=== Begin Enclosure ===

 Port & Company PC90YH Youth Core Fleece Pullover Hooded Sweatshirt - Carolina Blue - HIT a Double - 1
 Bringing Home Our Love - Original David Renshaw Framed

=== End Enclosure ===
=== Begin Enclosure ===

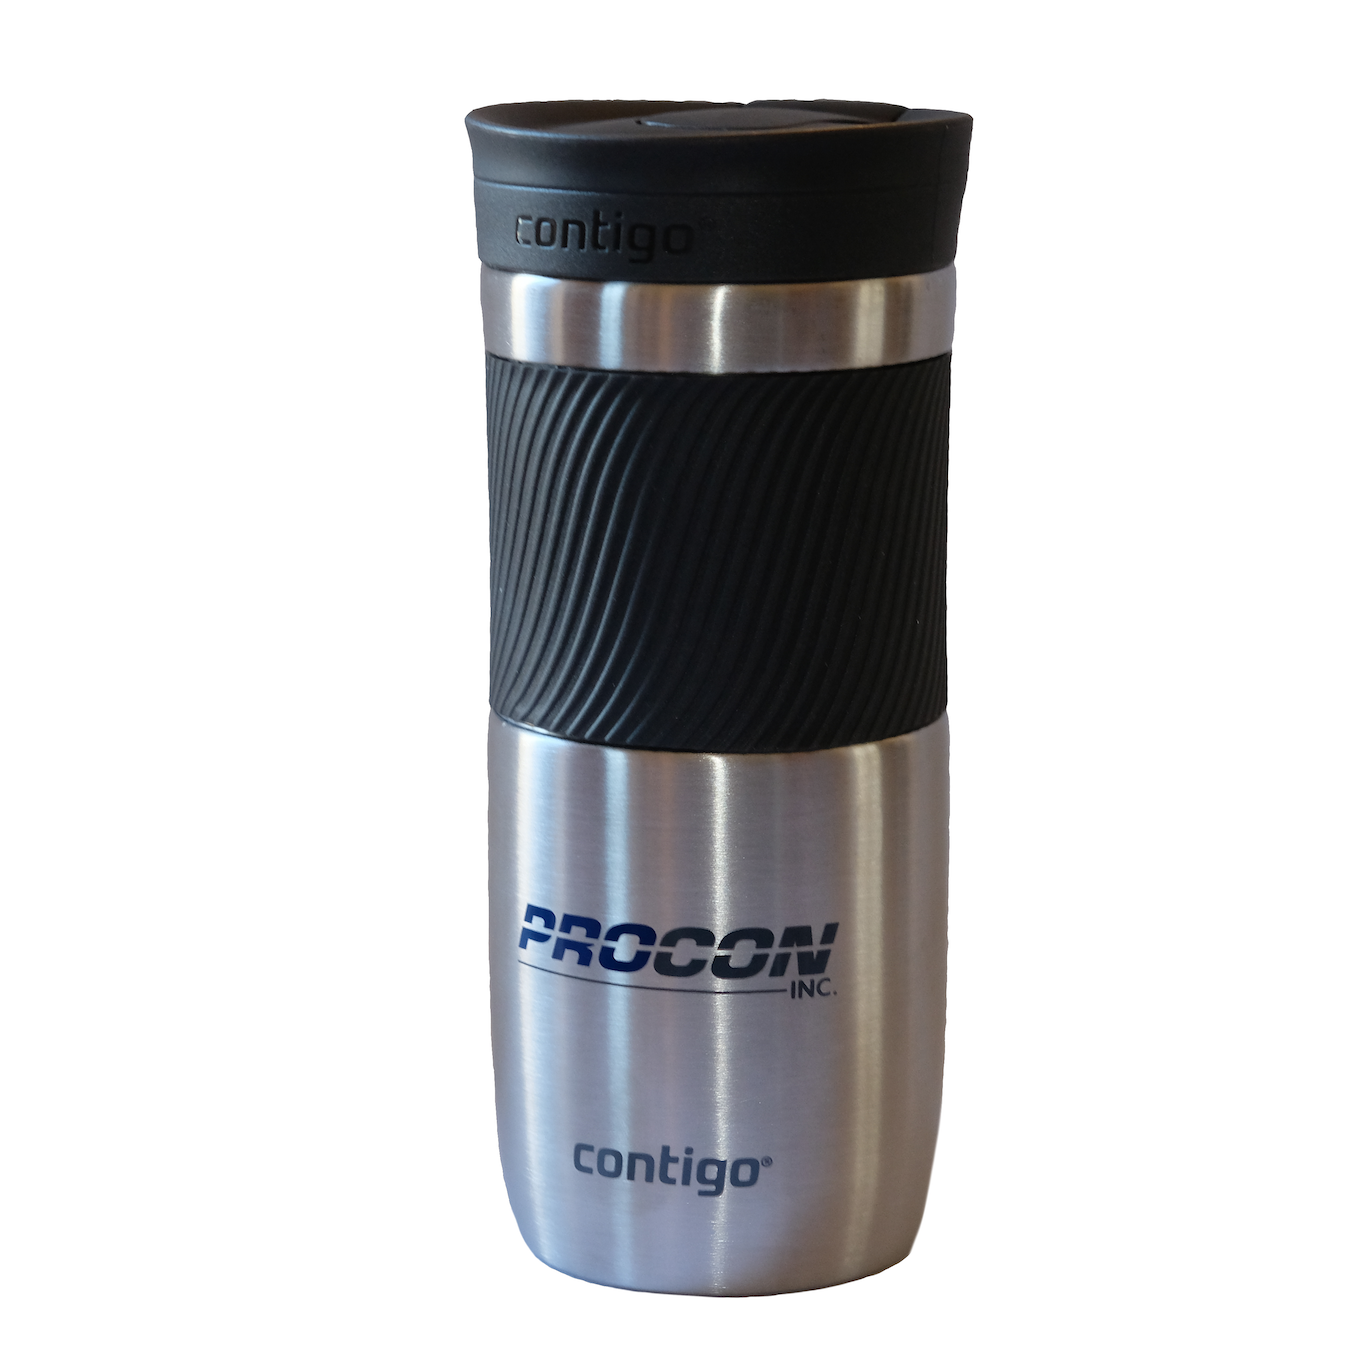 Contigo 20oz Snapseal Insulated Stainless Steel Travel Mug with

=== End Enclosure ===
=== Begin Enclosure ===

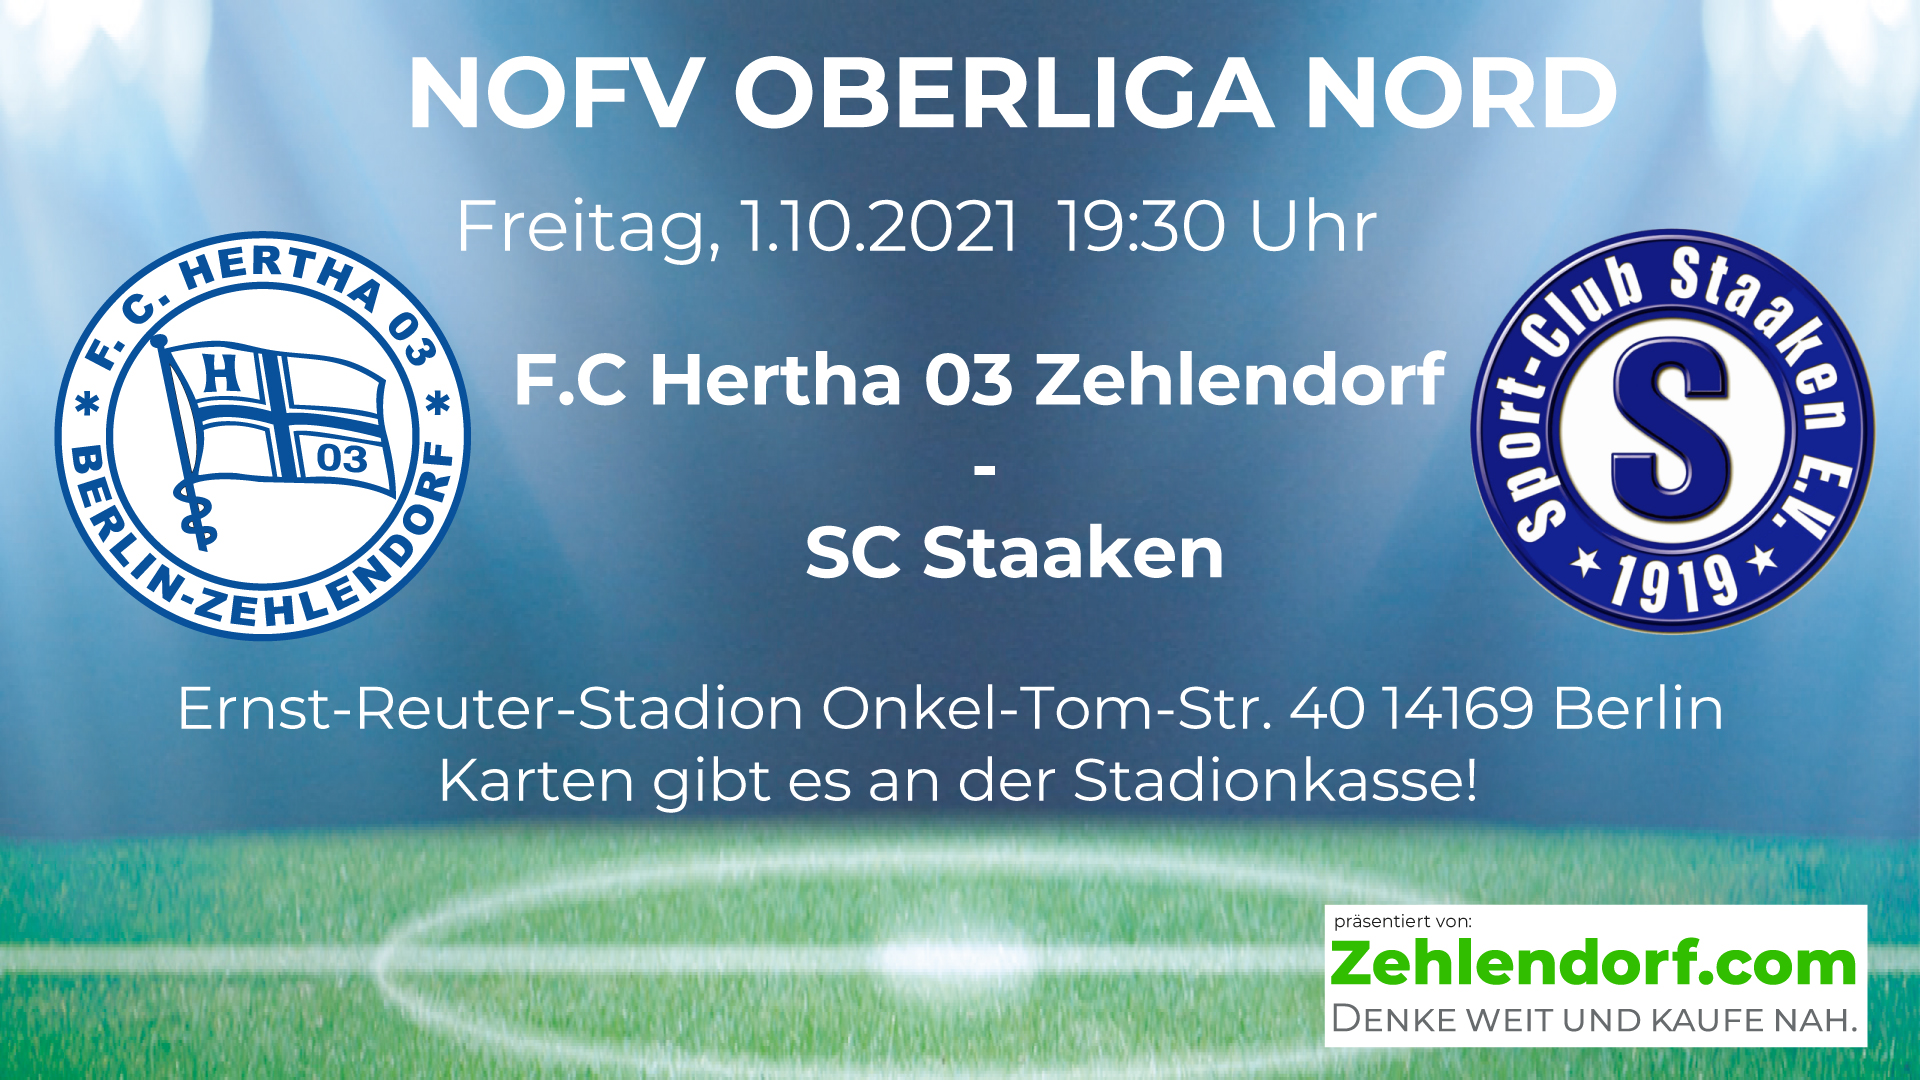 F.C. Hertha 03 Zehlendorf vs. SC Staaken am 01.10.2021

=== End Enclosure ===

## Assigned task
Copy out the range of lines above starting at the line with "Port & Company" and ending at the line with "Bringing Home Our", exactly and including both.

## Final answer
 Port & Company PC90YH Youth Core Fleece Pullover Hooded Sweatshirt - Carolina Blue - HIT a Double - 1
 Bringing Home Our Love - Original David Renshaw Framed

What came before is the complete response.